= DATASET SECTION =
-=-=-=-=-

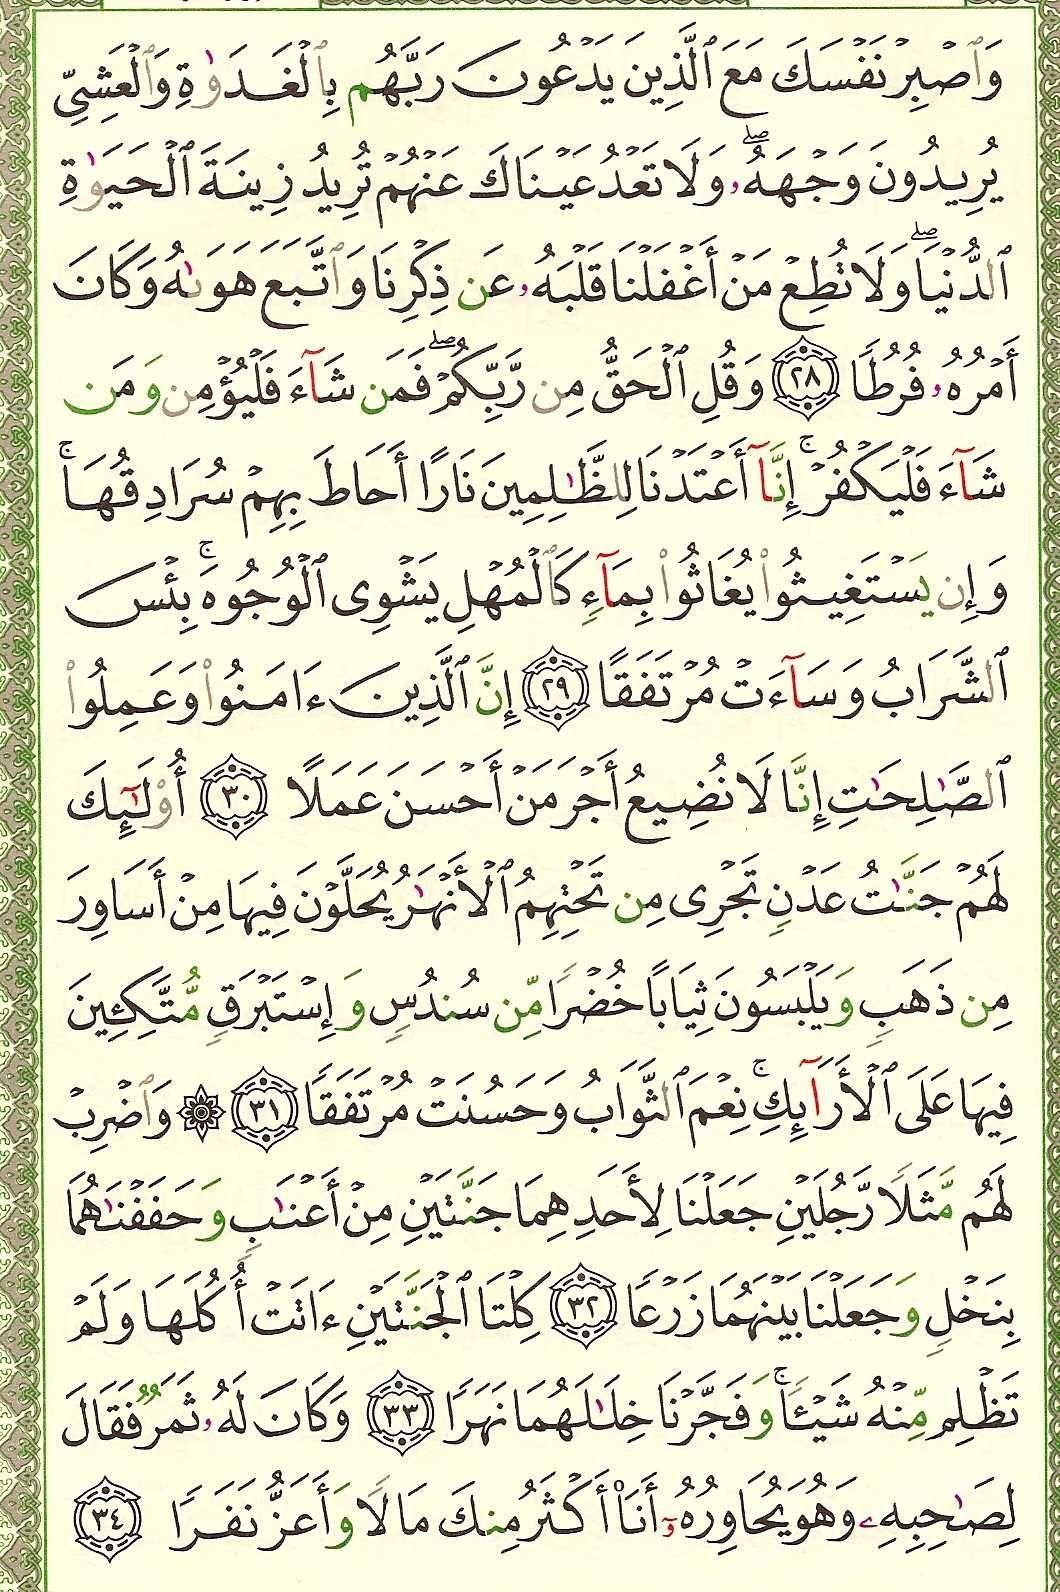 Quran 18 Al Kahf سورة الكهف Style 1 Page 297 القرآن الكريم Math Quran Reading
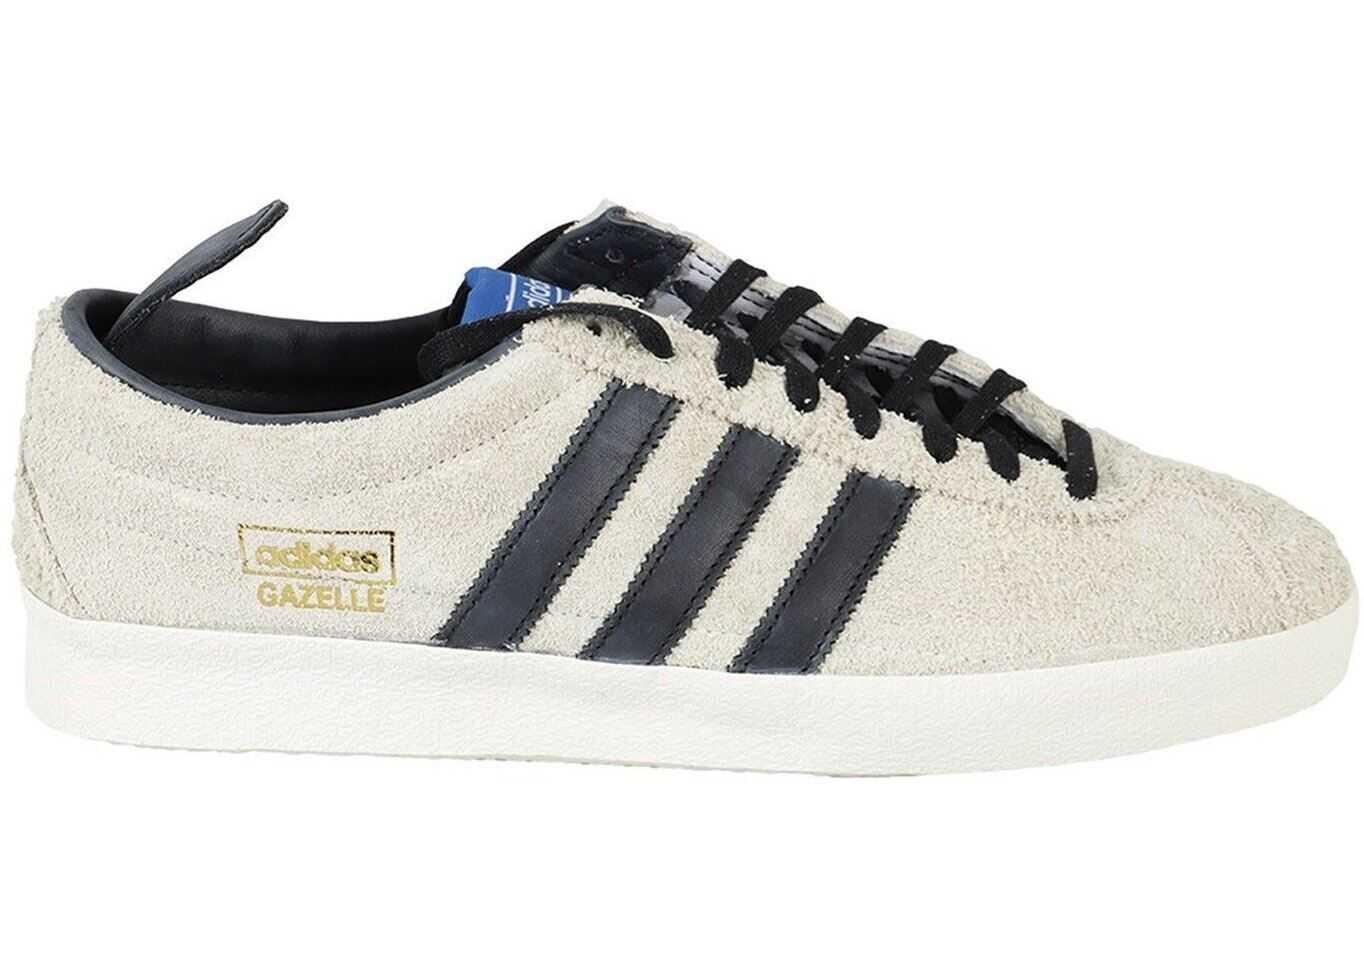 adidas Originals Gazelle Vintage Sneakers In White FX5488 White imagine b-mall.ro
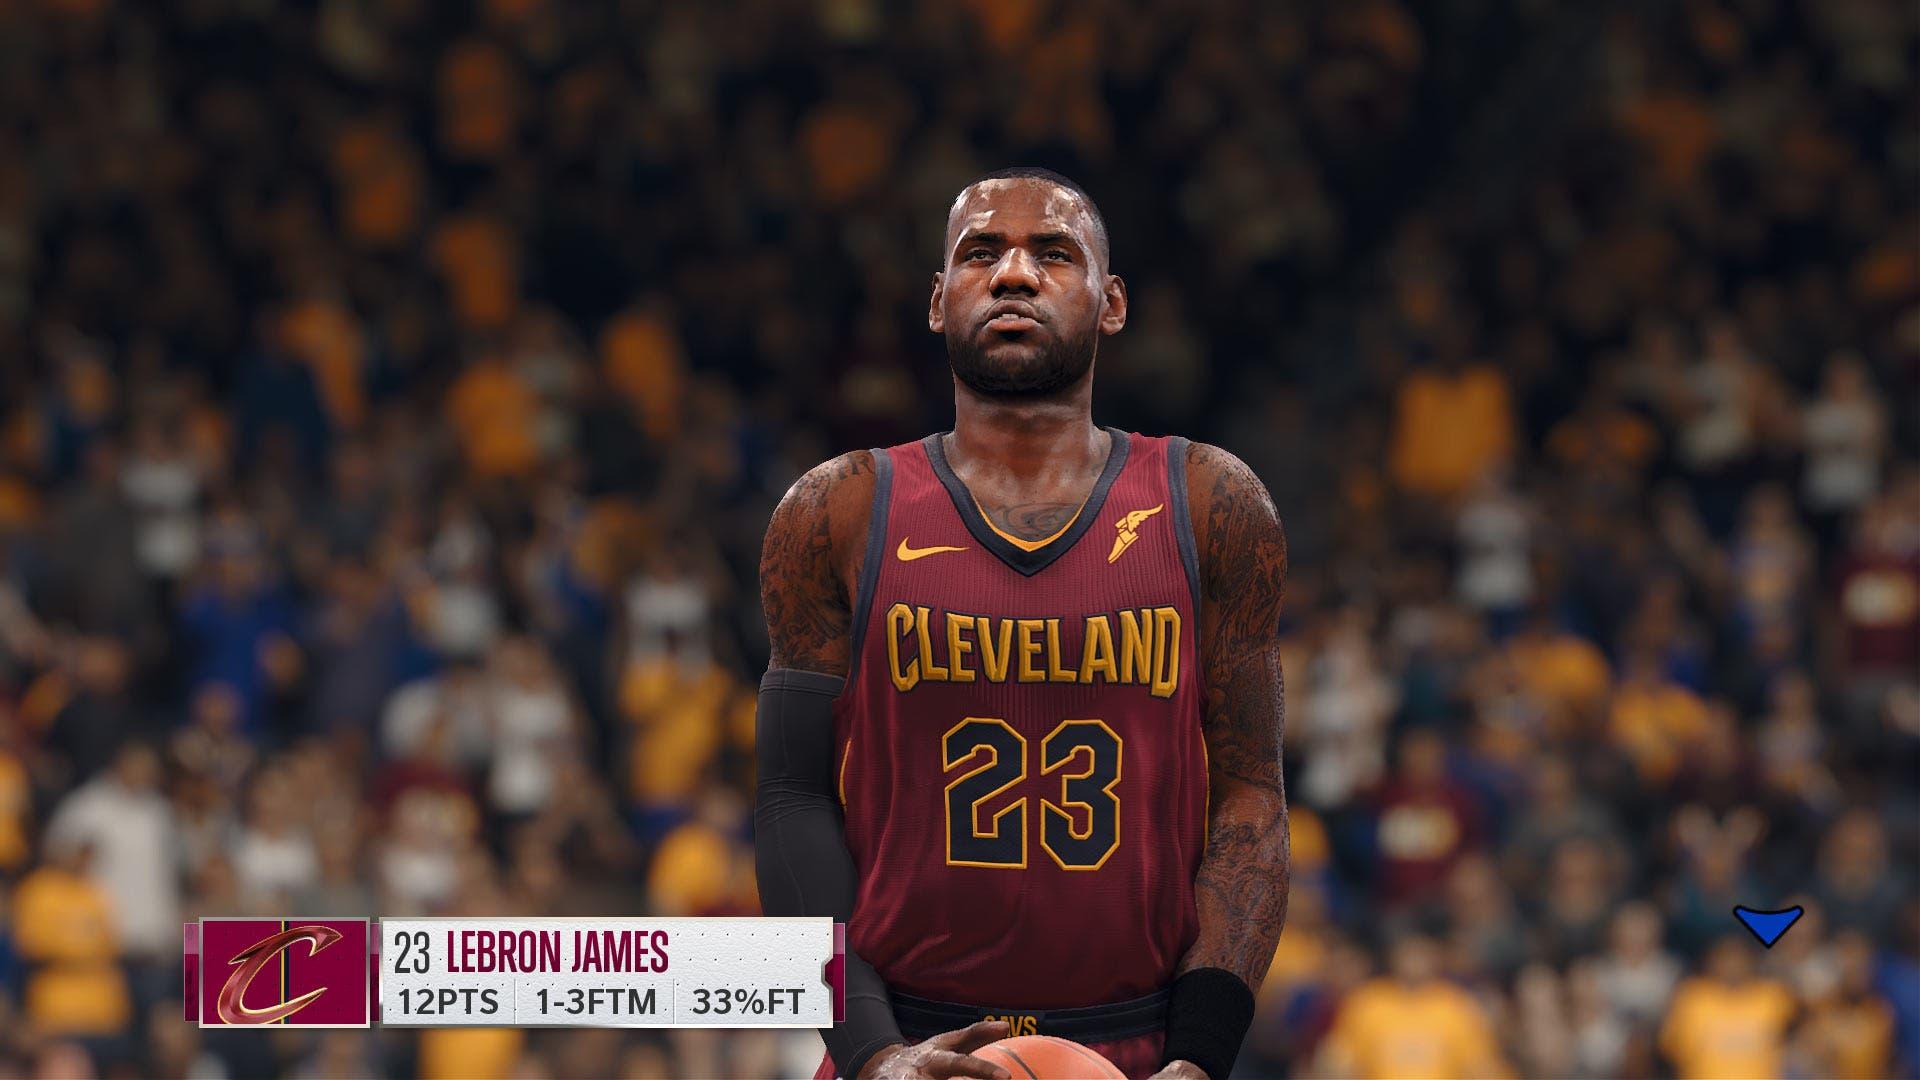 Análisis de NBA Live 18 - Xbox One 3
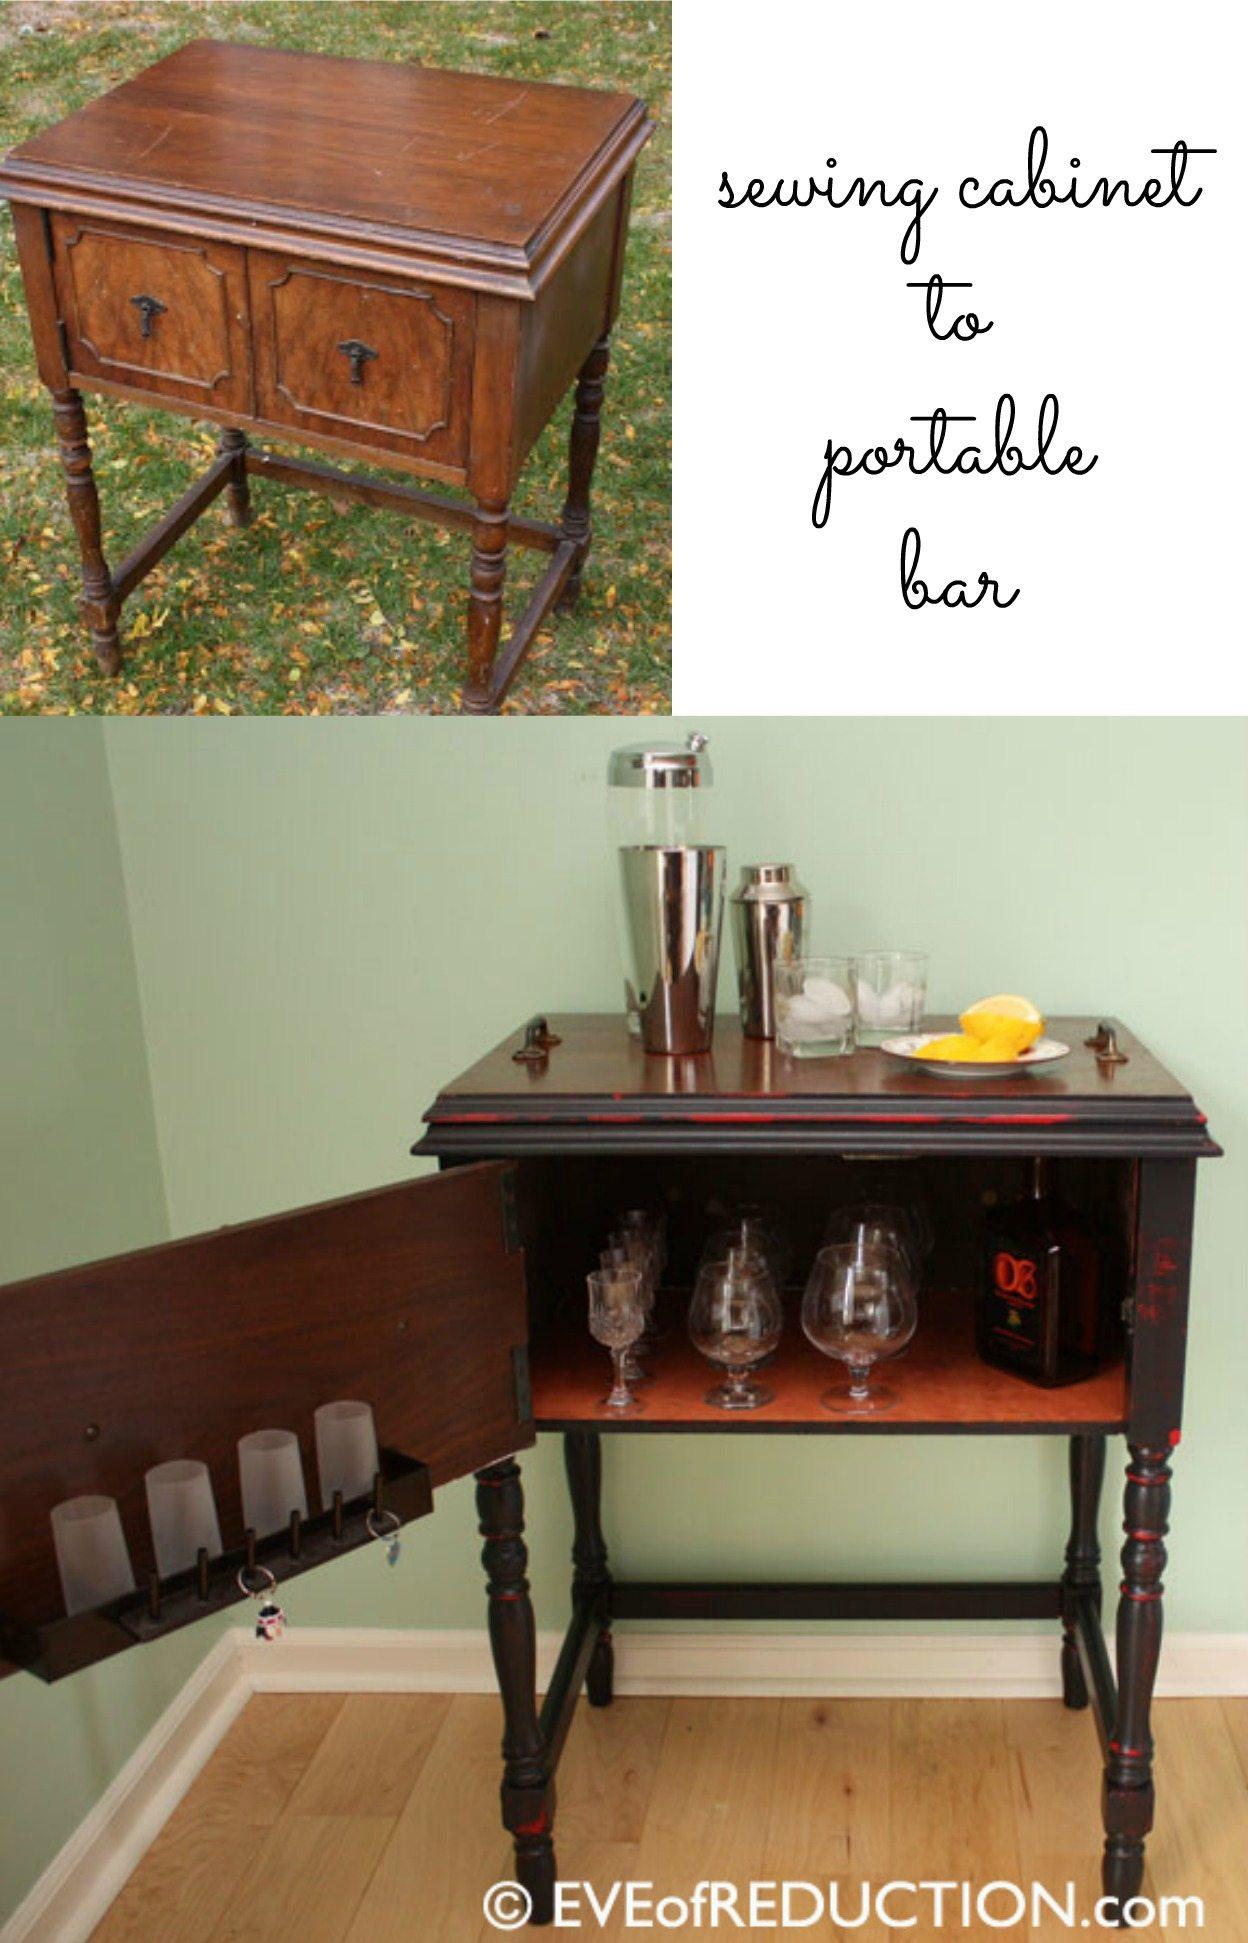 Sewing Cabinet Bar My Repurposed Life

-=-=-=-=-

= AIM OF THE EXERCISE =
Print the listing exactly. No pictures belong in the copy.

= RESULT OF THIS TASK =
 Quran 18 Al Kahf سورة الكهف Style 1 Page 297 القرآن الكريم Math Quran Reading
 adidas Originals Gazelle Vintage Sneakers In White FX5488 White imagine b-mall.ro
 Análisis de NBA Live 18 - Xbox One 3
 Sewing Cabinet Bar My Repurposed Life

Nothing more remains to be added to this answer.